More recently, he has collaborated with Guile Twardowski, creator of CryptoCat, and the Cosmographia group on a new NFT project (10) – where you can buy new versions of the NFT logos of big internet companies that have gone out of business (Guile Tvardovsky produced), participate in this on-chain memorial service, become a CEO, and own the split of their original domain name in the blockchain domain (.eth). Alternatively, you can purchase an algorithmically-generated logo (generated by the Cosmographia team) to register a subdomain and become an employee. Pay attention to the bottom of the site, where Mark Anderson’s quote “There are no bad ideas in technology, only bad timing” seems to foreshadow that the good idea of this work isn’t the top stream of prices for NFT at the moment, and that the good time hasn’t come yet. You will find a richly layered NFT that does not have “price creation” as its goal, but imaginatively reveals to us the obscured properties of the medium.
Life on the Chain
In the previous paragraph, the artist explored the idea of what blockchain is, but what would it be like to formally dress up in blockchain and make it part of the material world?
As the author of Blockchain and the Law and a fellow of the Berkman Klein Center at Harvard University, Primavera De Filippi combines her roles as a legal scholar, internet activist, and artist. With the work “Plantoid” (11) (bionic plant robot), she creates a blockchain-based life form to unfold the possibilities of autonomous algorithms. The main body of “Plantoid” is a metal flower tied to a specific bitcoin account and a smart contract account based on the ethereum blockchain, which raises bitcoin through light and music performances and uses the ethereum blockchain to enter into a smart contract with others to replicate itself, paying them bitcoin upon completion of replication, thus reproducing itself. , thereby completing its own reproduction.

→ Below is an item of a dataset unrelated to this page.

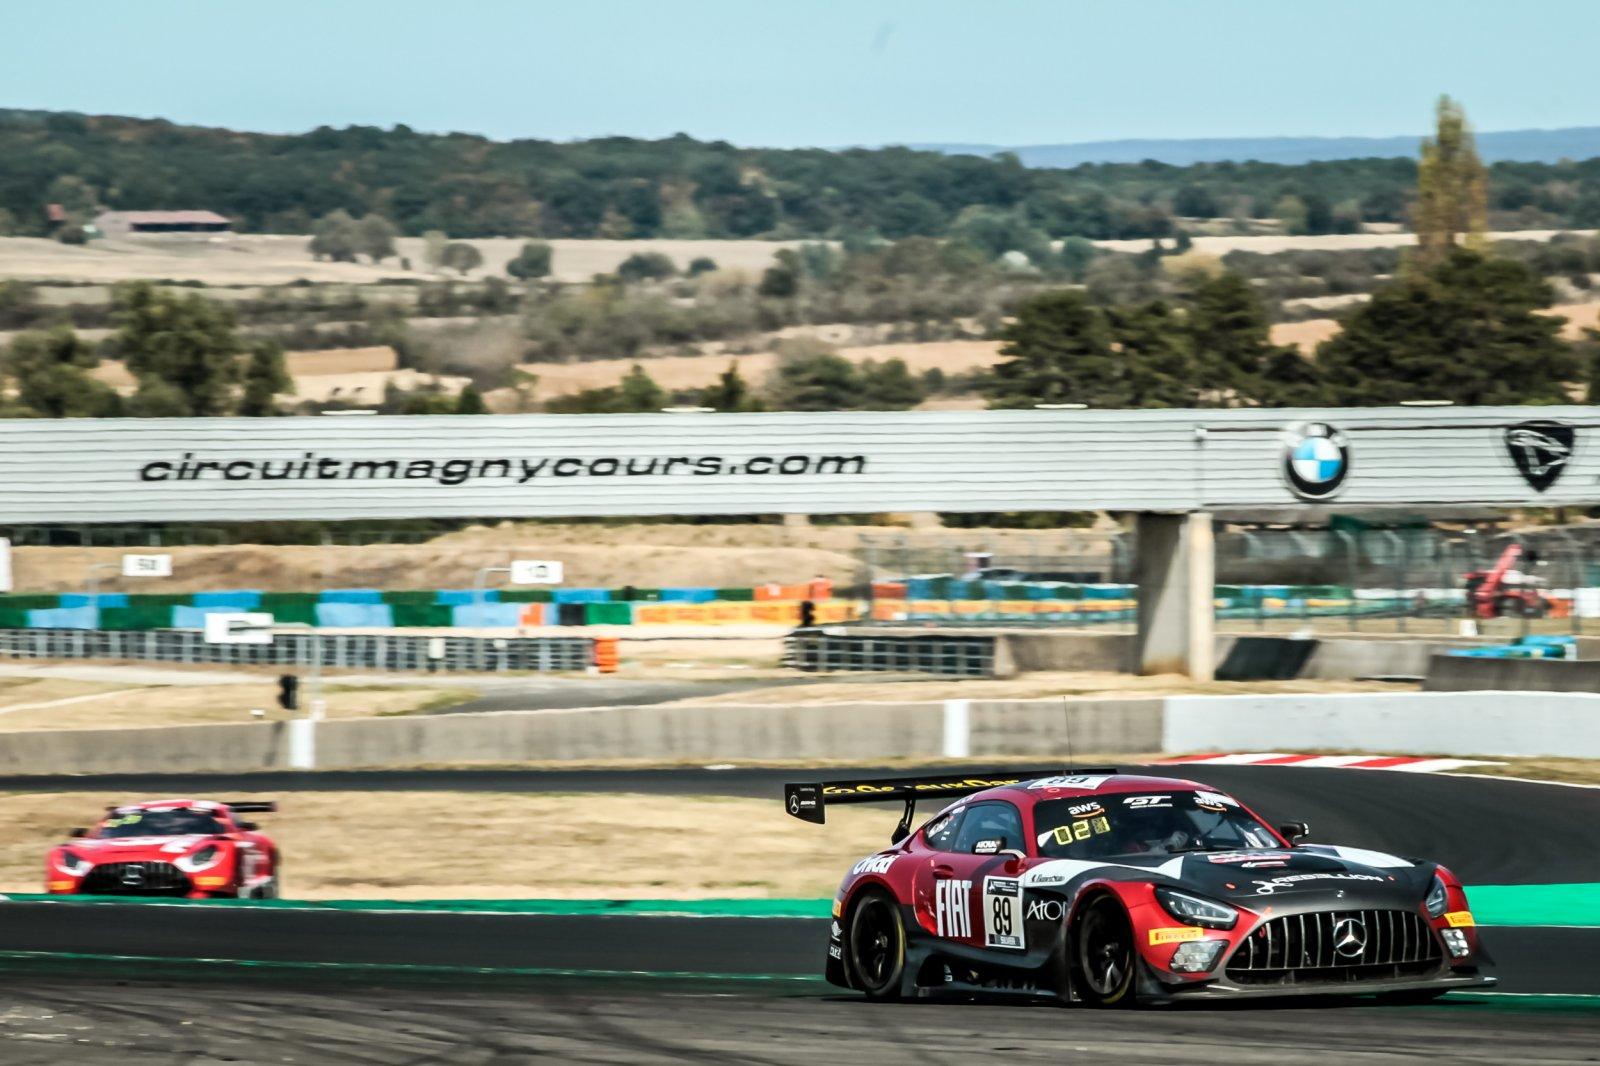 #89 AKKA ASP FRA Mercedes-AMG GT3 Silver Cup Jim Pla FRA Benjamin Hites CHL, Race 2

“You can’t buy Plantoid because it only belongs to itself.” (12) Behind it is a decentralised autonomous organisation (DAO) who manage Plantoid’s lifecycle and reproduction through a set of smart contracts. “Plantoid is an attempt to artistically embody what is most innovative and disruptive about blockchain, the ability to create a completely independent and self-sufficient autonomous entity. As a blockchain life form, Plantoid takes the concept of autonomy to a whole new level.” (13)

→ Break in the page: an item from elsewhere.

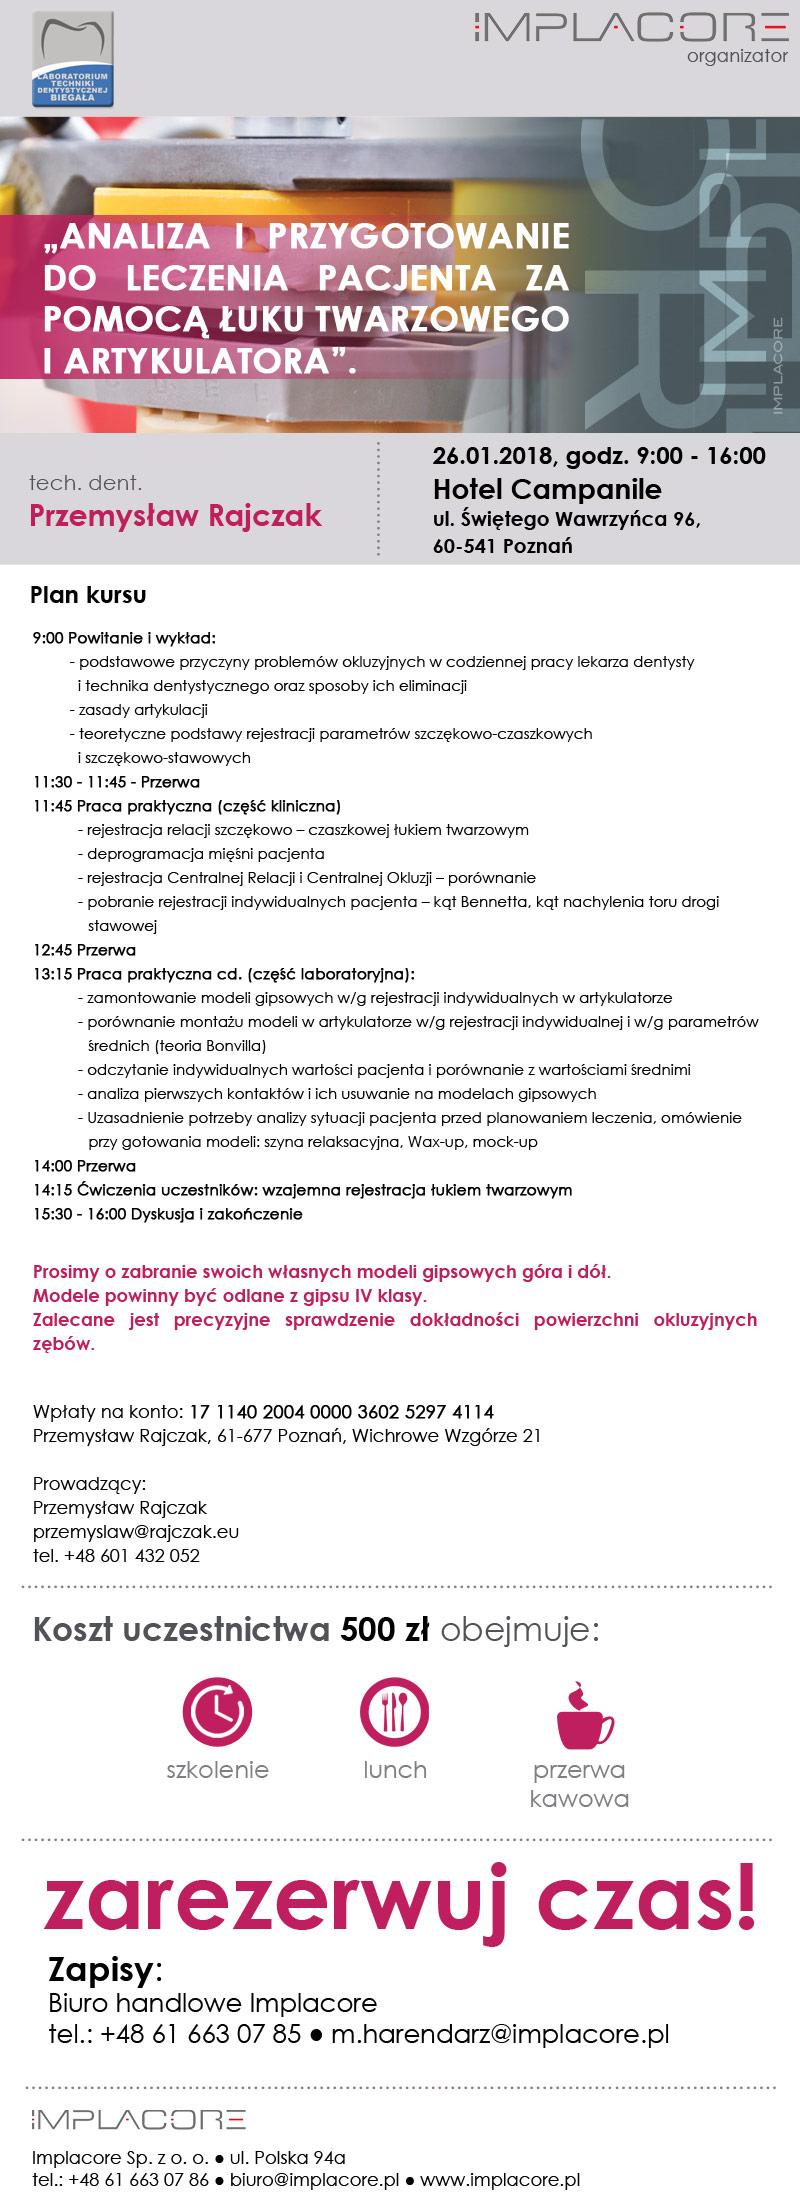 newsletterARTYKULATOR_I-2018_800px

If Artificial Intelligence empowers artefacts to learn in depth, smart contracts on the chain prepare them to think and acquire “subjectivity”, an extension of cybernetics in the Web 3.0 era. In addition to mechanical objects, texts, images, and events can naturally be given such new contexts, which follows up on the optimistic side of the blockchain, a topic left over at the end of the second paragraph. This part of the practice does provide new paths for interdisciplinary collaboration in art, and may even profoundly affect the future art ecology. In the early stages of an ambitious project, which requires the co-collaboration of talents from all walks of life and financial backing, the new model greatly shortens the bridge of trust.
Among the cases we can draw on, terra0 (14) is certainly a case worth knowing, consisting of a group of developers, theorists and researchers dedicated to exploring the creation of hybrid ecosystems in technosphere. To summarise, terra0 is a project that allows the forest to acquire its own body. In the first phase of the project, the project initiators purchased a forest and did a data inventory of it, then developed and planned an economic model for it and delivered it to a smart contract. Thereafter, the contract is activated and begins to function as a mechanism to automatically regulate the exploitation of the wood and control the sustainable development of nature, and the agency range will eventually be reduced to zero, with terra0 gradually becoming a self-utilising piece of land.
The project leverages the scalable framework of Ether on the public chain to provide an automated technical augmentation system for the natural ecosystem. Through a decentralised self-governing organisation, the land is managed while also acting for itself in a cycle of economic rules. This experimental project, which raises complex ethical issues, makes new claims on theory. It does also echo the planetary-scale perspective defined by Bratton in his Stacks: software and sovereignty (15). In the face of the digital transformations that are taking place today, we need to reconceptualise the reality of contemporary geopolitics and the stacked relationships within it. New worlds emerge and grow between the Earth layer, the cloud layer, the city layer, the address layer, the interface layer and the user layer.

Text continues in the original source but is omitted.